Danielle’s journey involved bootstrapping from the start. She started with what she had and built on top of that. She had a gift and education for tutoring, so she started using that to serve others and ultimately make a profit. Any money she made in the beginning she put right back into her business, rarely paying herself. If there was extra money, she invested it into something else for her business.
When you're a small business owner or entrepreneur, it is easy to get discouraged quickly if you are functioning in isolation. But SOUL has rescued her from that feeling. Participating in a community of black entrepreneurs gave her accountability within her business. She had to show up to the classes involved in SOUL or Make It Happen Mondays because people counted on her. Most people around you, like family members, don't get it because they don't own small businesses. But if you surround yourself with like-minded people going through the same struggles, it boosts motivation for bootstrappers like Danielle.

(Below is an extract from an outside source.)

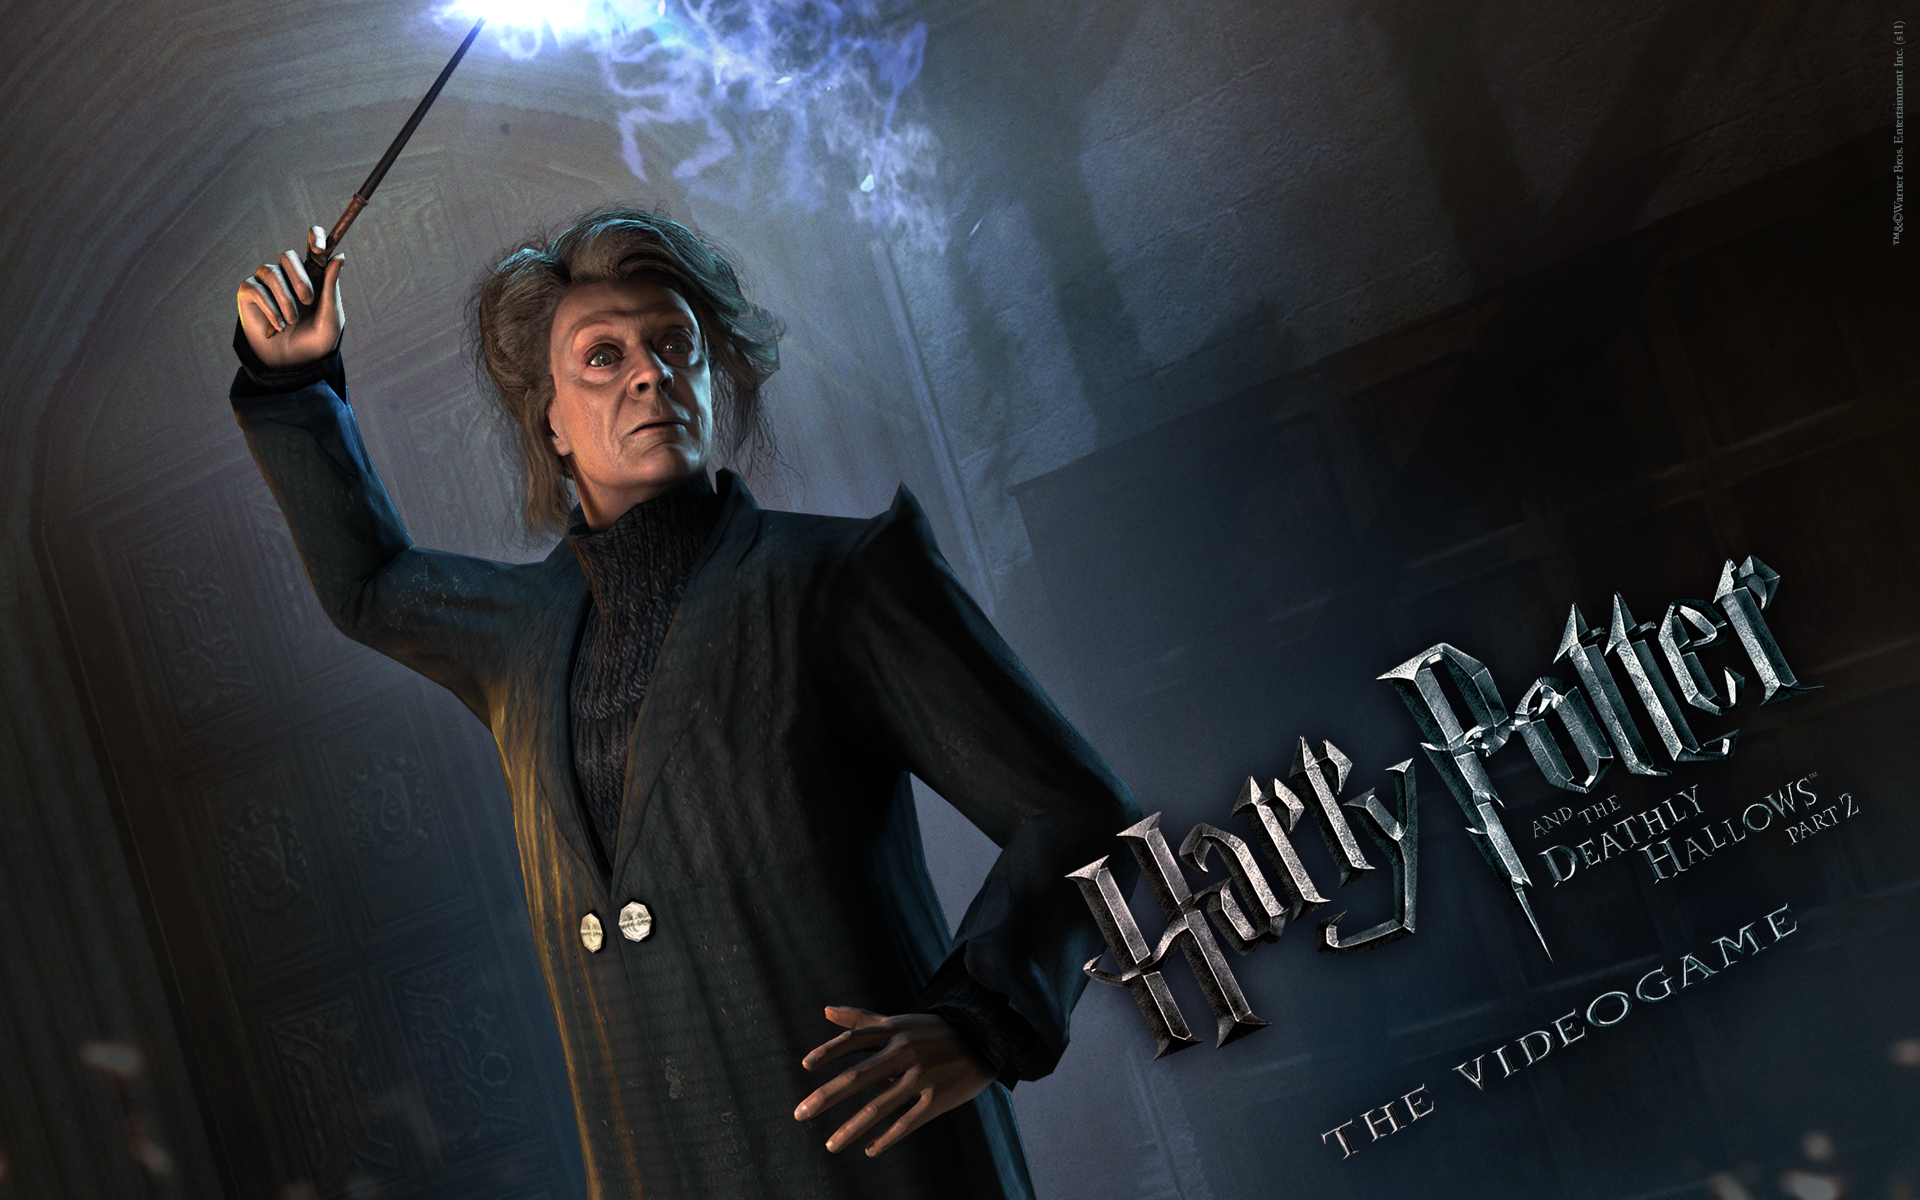 Minerva Wallpaper from Harry Potter and the Deathly Hallows Part 1920x1200

Danielle’s advice for other black entrepreneurs is simple, yet profound. Stay the course. Things get hard but stay the course. Set your goals and work backward from there. Community among black entrepreneurs and small business owners is vital for success. It gives any business owner, but specifically Danielle, confidence to see others succeeding and to see them encouraging her.
“I look back now at where I started and see the growth and the lessons I've learned. I wouldn't trade anything, the good or the bad things that have happened, because we wouldn't be where we are now,” Danielle concluded. “I’ve gone from doing hourly sessions with one student at a time to working with groups and school systems. Now it’s my business working with another business, which is a totally new level. I had to be open to learning more things and marketing coaching with SOUL. I’m always learning, there’s always room for growth. There is always another level to what you can do.